Veneno que cura, veneno que mata

Publicado el 19 de marzo de 2026, 19:29

Ahora, es de noche y hay un aura misteriosa que inunda el aire. Vuelvo en autobús, no llueve. En el horizonte se vislumbran pequeñas luciérnagas que simpatizan con la medida timidez de las luces del vehículo. Curiosa sensación de soledad, un abrazo cálido y reconfortante. En otras ocasiones, la soledad ha podido conmigo. Me ha aprisionado como un látigo que se cerniera sobre mis vías respiratorias. Sin embargo, hoy, su presión es distinta. Ahora que marcho y me despido de quien me hace sentir en casa, debo lidiar con esta vieja amiga. Por insistente, ha logrado que la aprecie. Al fin y al cabo, la soledad es plena compañía de uno mismo. Es esta soledad un espacio para la meditación y para poner palabras a todas aquellas sensaciones, agradables y desagradables, que me distraen constantemente. Para combatir con la conciencia lo irrefrenable del inconsciente. Y para ser, simplemente, sin injerencias externas de ningún tipo.

"Veneno que cura, veneno que mata". Este es el título de la exposición que hemos disfrutado junto al Ebro. Hablaba de las bondades y peligros de plantas, animales, hongos y minerales cuando son utilizadas como veneno o medicamento. Y es que todo héroe tiene su verdugo. Y si la soledad un día fue veneno, se ha acabado convirtiendo en una especie de fertilizante de mi crecimiento interior. 

Siempre me gustó viajar, pero me ha costado terriblemente aceptar que el tiempo es limitado, que un paso debe darse detrás de otro y que no hay por qué llegar a todos los rincones del mundo. Me sentía avariciosa cuando lloraba por no poder aprehenderlo todo (en su sentido literal de "asir", pues los segundos se me escurrían de las manos), por tener que renunciar. Era este un pensamiento habitual, fuente de injustificable tristeza. Injustificable, porque la vida está plagada de renuncias. No hay día en que no deba tomar una decisión. Y decidir implica renunciar. Es ese el problema que subsiste de fondo. Por mi incapacidad de renunciar, he evitado a toda costa decidir. Y ahora toda decisión, aunque nimia, se me hace una montaña. Nota para el espectador (¿que soy yo?). En estas cavilaciones han influido notablemente varios gigantes y una montaña. Como en "Los gigantes de la montaña", de Luigi Pirandello, los dramaturgos iban al monte en busca de quienes vivían faustos e incólumes, yo he venido a la sierra riojana y su Valle de la Lengua. Aquí esperaba encontrar la rica historia del origen del castellano. Y en su defecto, he encontrado una historia pobre y sencilla (apenas 30 minutos de duración) que, con el tiempo, se ha erigido en noble patrimonio.

El monasterio de Suso fue construido a la muerte de San Millán, un centenario ermitaño del siglo V que había dejado su oficio de pastor para dedicar su vida a orar en las montañas. Su carisma atrajo a muchos y, así, fundó la primera comunidad monástica de un territorio que transitaba entre la Hispania romana y los feudos medievales que darían lugar al reino de Pamplona - Nájera.

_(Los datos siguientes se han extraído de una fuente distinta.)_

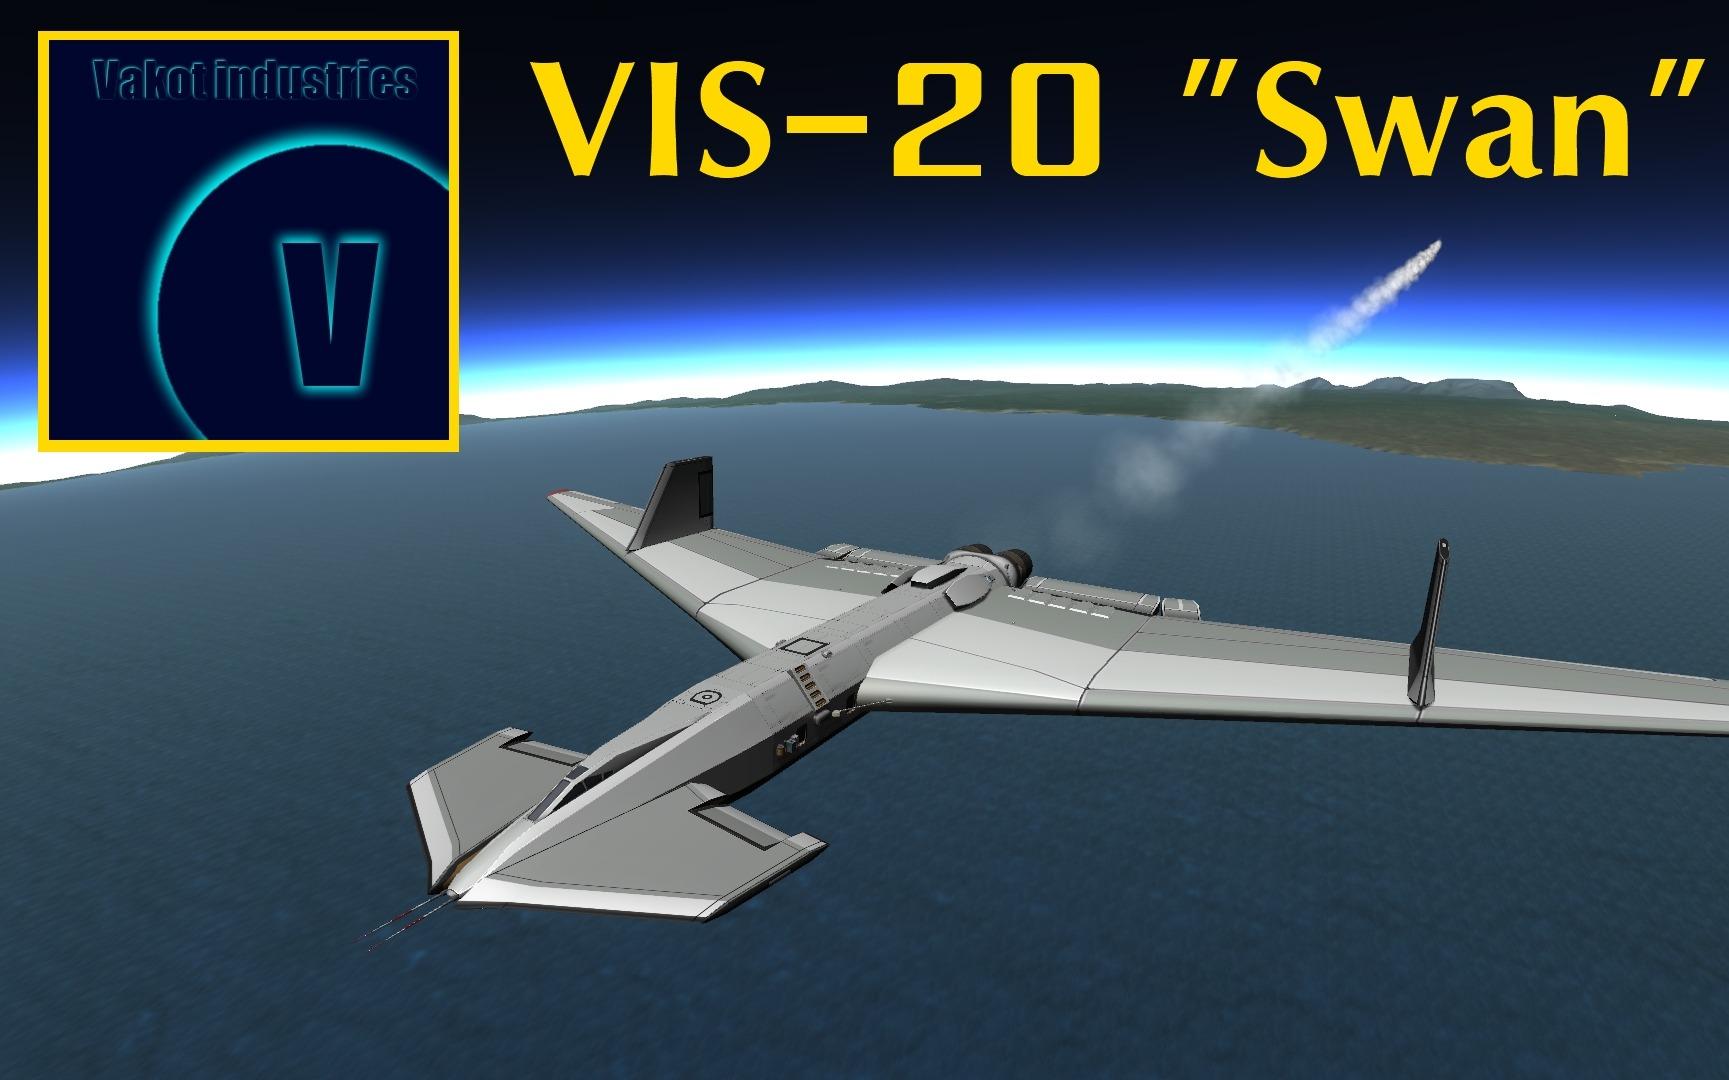 VIS-20

La comunidad, que comenzó viviendo en las cuevas, con los años se edificó un monasterio anexo. Más adelante, con el aumento de poder de las órdenes religiosas, se vieron obligados a adherirse a la orden que regentaba el monasterio de la parte baja del valle. Este monasterio, el de Yuso, de práctica benedictina, es el lugar donde aparecieron los primeros textos breves en castellano y vascuence ("las glosas emilianenses").

Qué hermoso que un idioma tan mundialmente hablado tenga un origen tan insignificante. Un testigo remoto en una montaña perdida, donde no hay muchas más posibilidades más allá de uno mismo. Quizá es que las respuestas a las preguntas del viajante residan en su propio corazón, que la renuncia como camino le conduzca a la consecución de la verdad. 

Otra leyenda diferente, sobre el monasterio de Santa María la Real de Nájera, atribuye su fundación a la aparición de la Virgen al rey Don García, en el siglo XI. Ocurrió en una cueva del mismo valle, aislada, por su particular montaña, del monasterio anterior. Un suceso mágico y singular, asimilable al primero por la presencia de una cueva y su naturaleza legendaria. 

¿Qué querrá decirme? ¿Acaso toda persona, por muy acompañada que esté, no debe retornar a sí misma para encontrar su propia alma?